- [Problem statement] Lines from the beginning of the material below through the line that has "LEGO BATMAN MOVIE" are to be reproduced exactly, but pictures are not.

- [Data block]
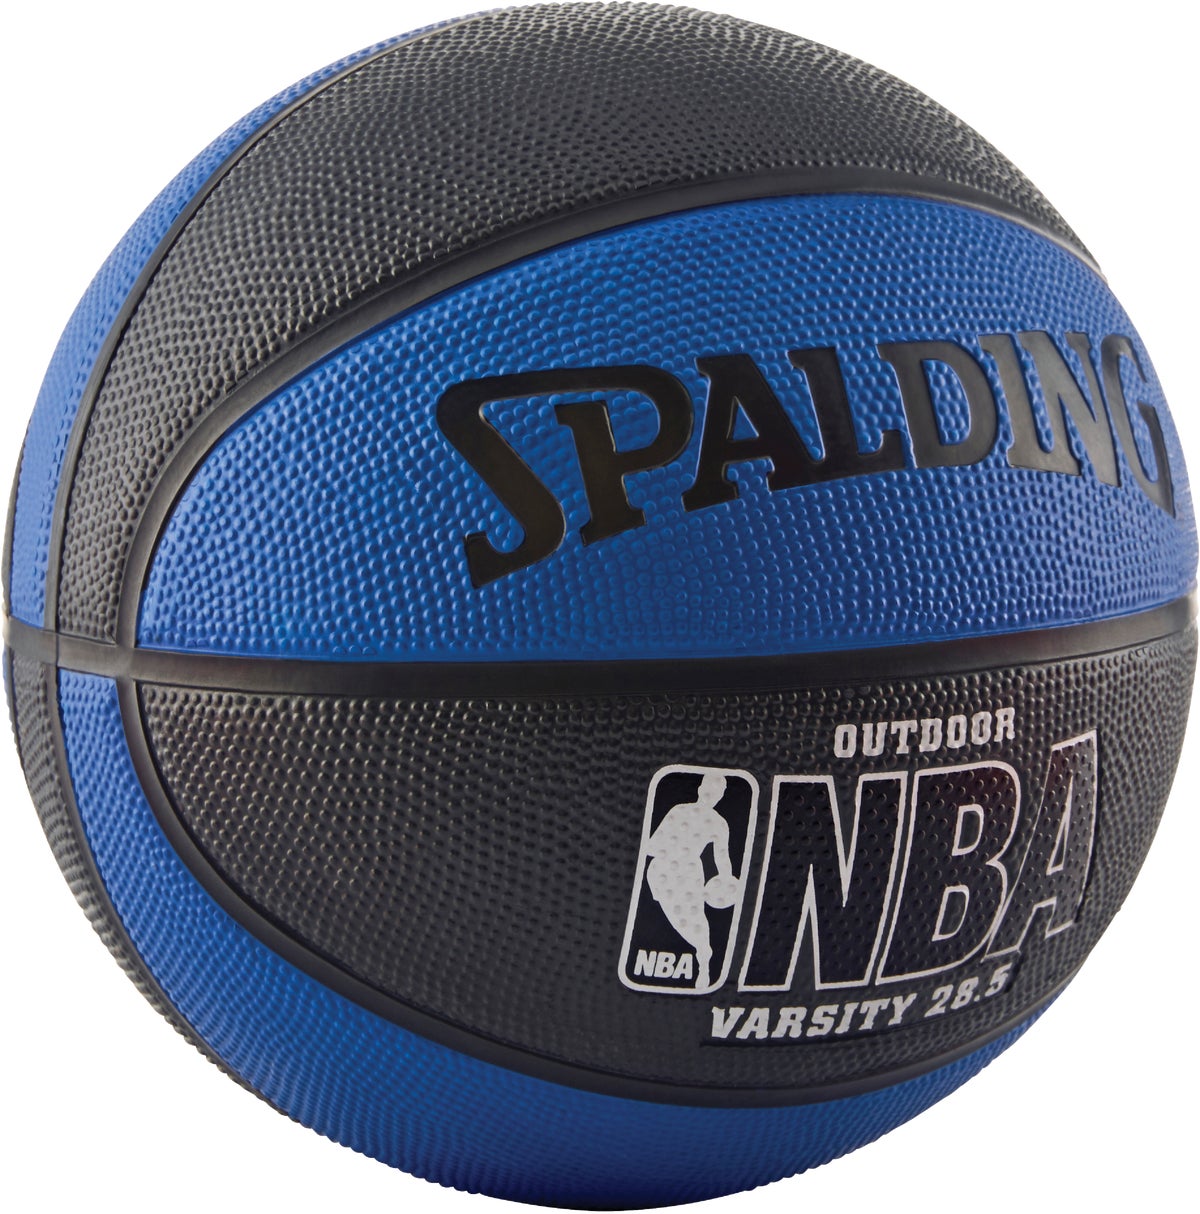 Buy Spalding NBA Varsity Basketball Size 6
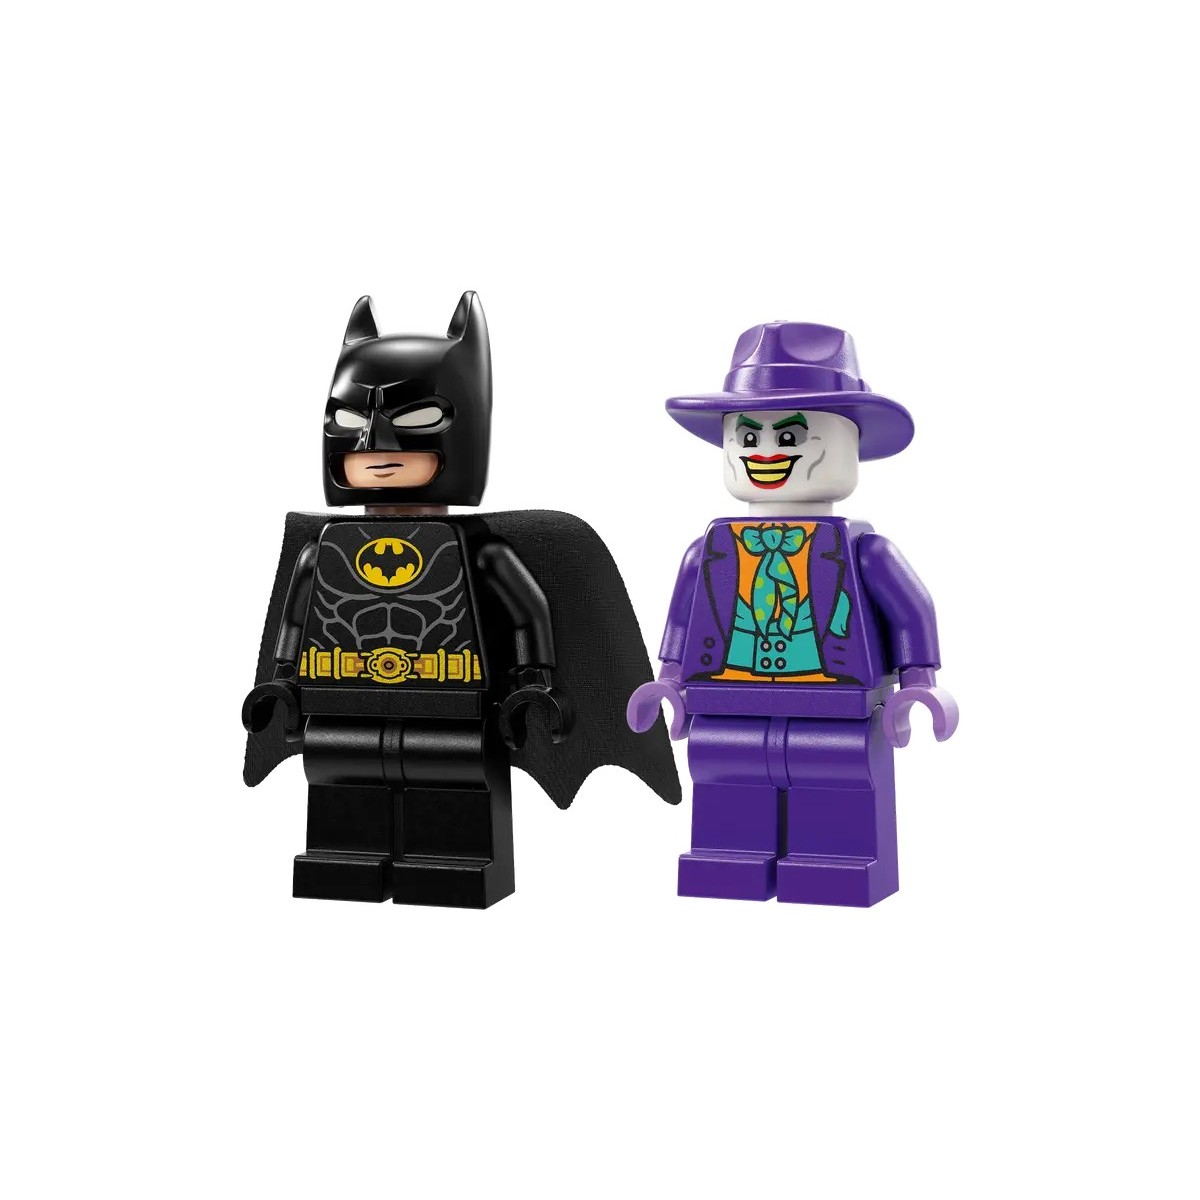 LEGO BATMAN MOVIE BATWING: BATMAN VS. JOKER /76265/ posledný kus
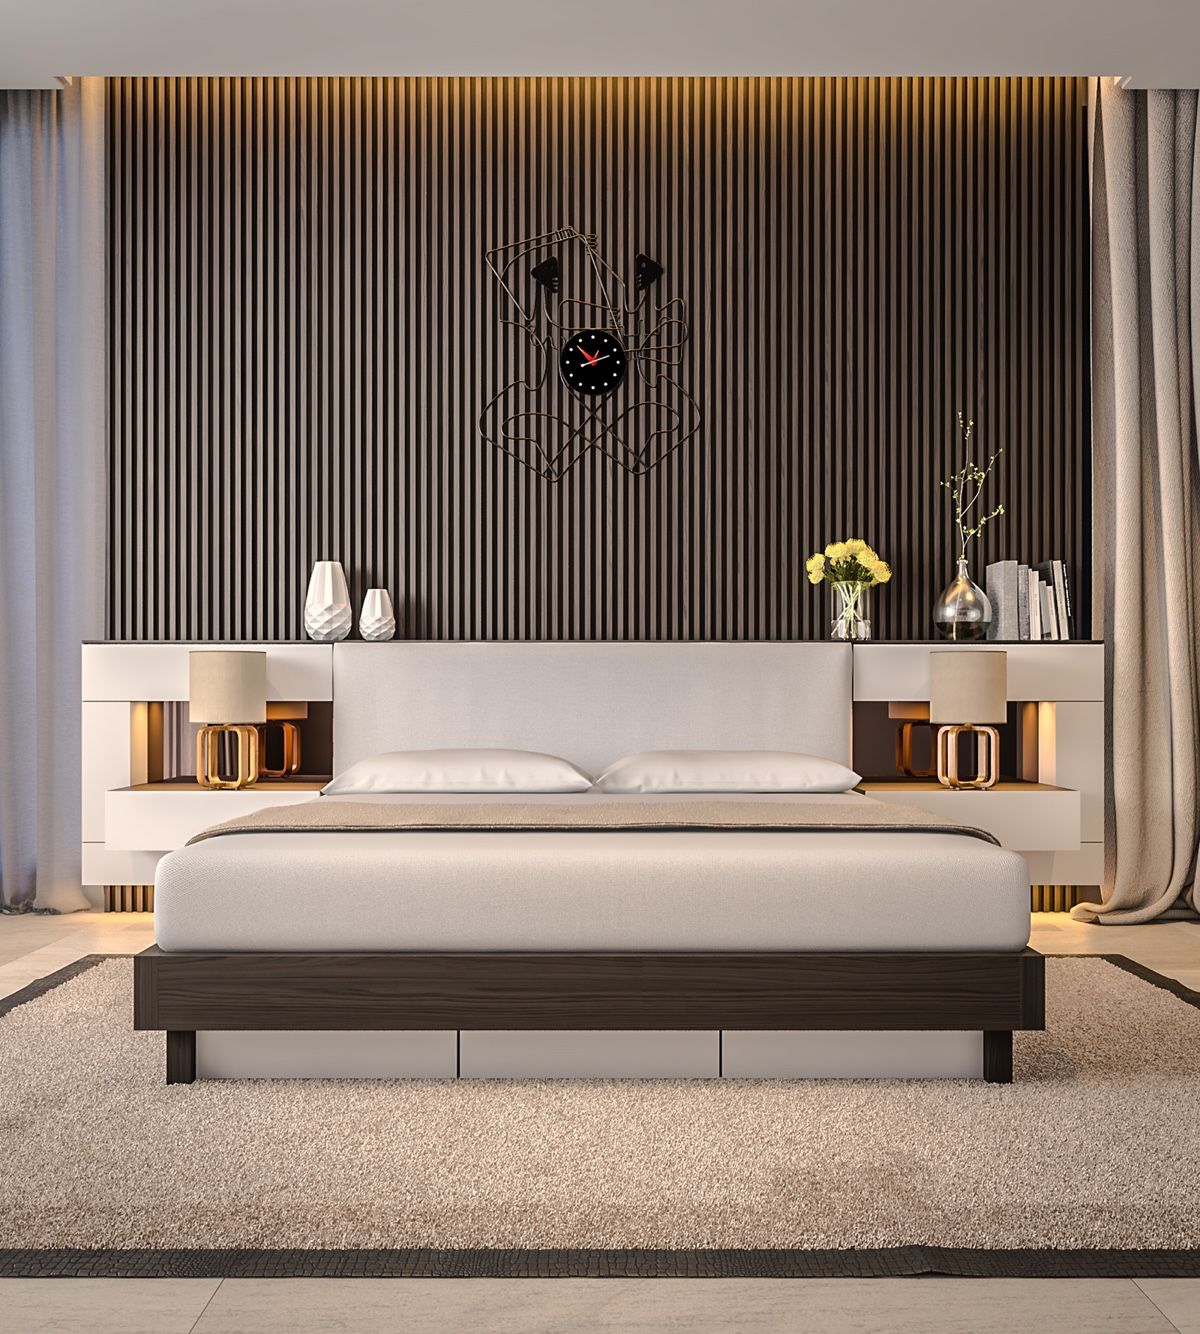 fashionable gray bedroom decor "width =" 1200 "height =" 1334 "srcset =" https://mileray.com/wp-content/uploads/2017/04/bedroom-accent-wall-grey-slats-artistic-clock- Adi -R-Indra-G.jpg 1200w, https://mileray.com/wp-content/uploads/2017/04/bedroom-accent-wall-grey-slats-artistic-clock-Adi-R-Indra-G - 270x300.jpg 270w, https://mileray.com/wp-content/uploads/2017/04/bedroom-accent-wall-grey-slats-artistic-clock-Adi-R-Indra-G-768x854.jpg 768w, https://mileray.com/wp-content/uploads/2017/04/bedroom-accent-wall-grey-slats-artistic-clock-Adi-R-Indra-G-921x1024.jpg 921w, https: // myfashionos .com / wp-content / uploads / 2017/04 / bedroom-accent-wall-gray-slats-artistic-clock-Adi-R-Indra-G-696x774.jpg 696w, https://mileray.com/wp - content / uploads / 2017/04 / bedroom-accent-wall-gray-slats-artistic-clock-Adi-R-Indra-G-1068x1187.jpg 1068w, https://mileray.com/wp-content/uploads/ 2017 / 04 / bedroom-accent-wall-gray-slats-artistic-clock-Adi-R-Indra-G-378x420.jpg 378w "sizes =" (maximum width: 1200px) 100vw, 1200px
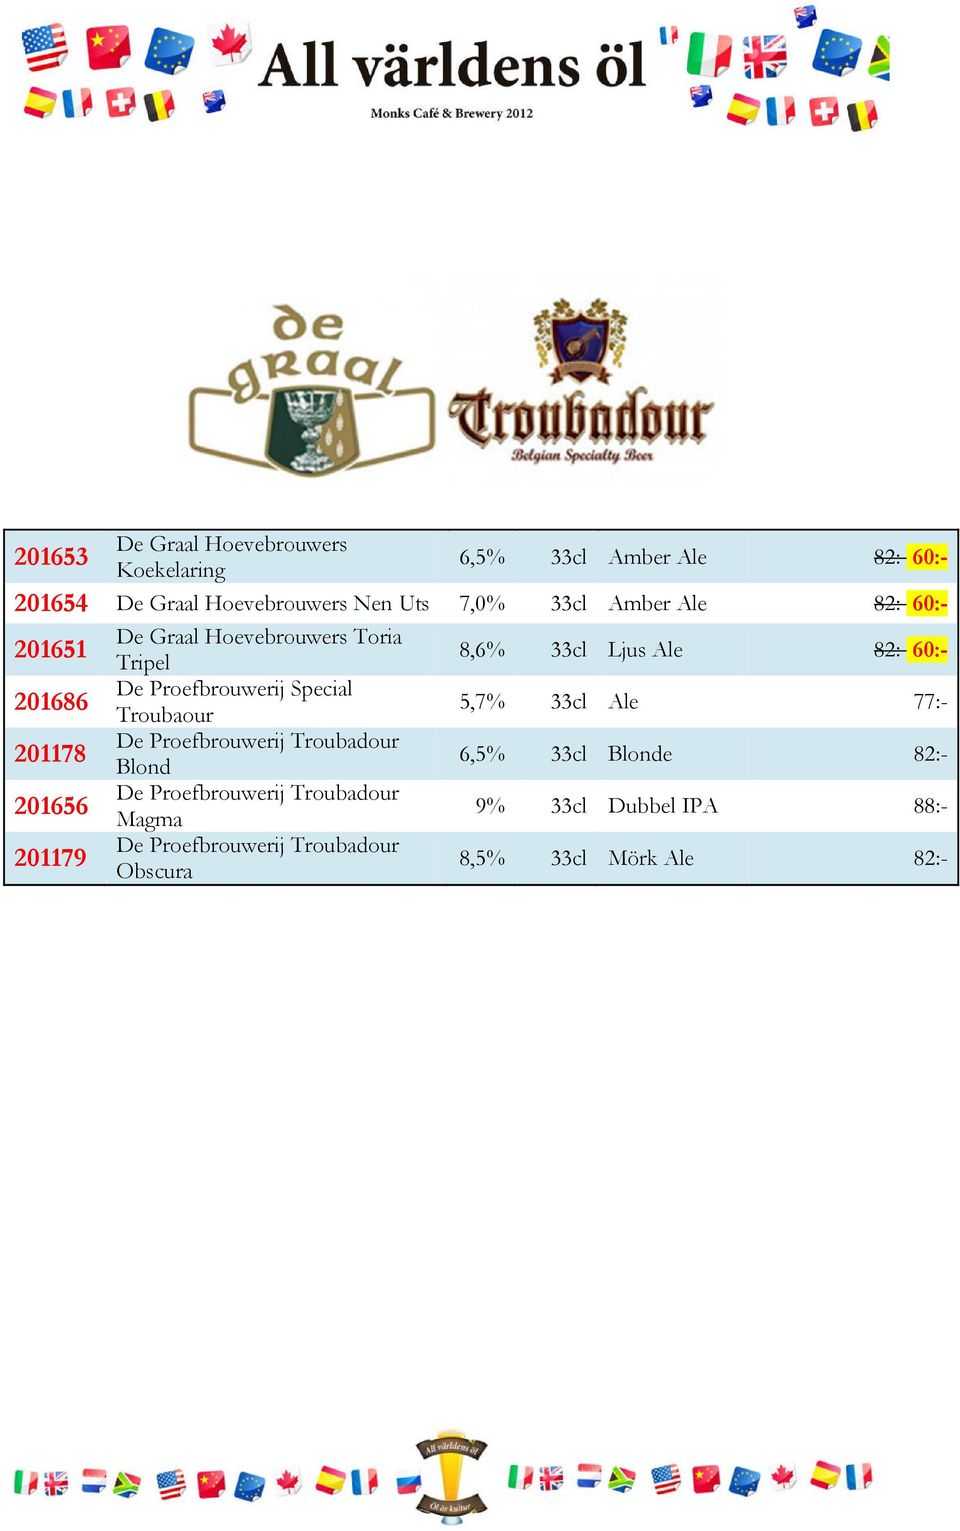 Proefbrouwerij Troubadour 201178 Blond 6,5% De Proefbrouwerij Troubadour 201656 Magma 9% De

- [Your solution]
 Buy Spalding NBA Varsity Basketball Size 6
 LEGO BATMAN MOVIE BATWING: BATMAN VS. JOKER /76265/ posledný kus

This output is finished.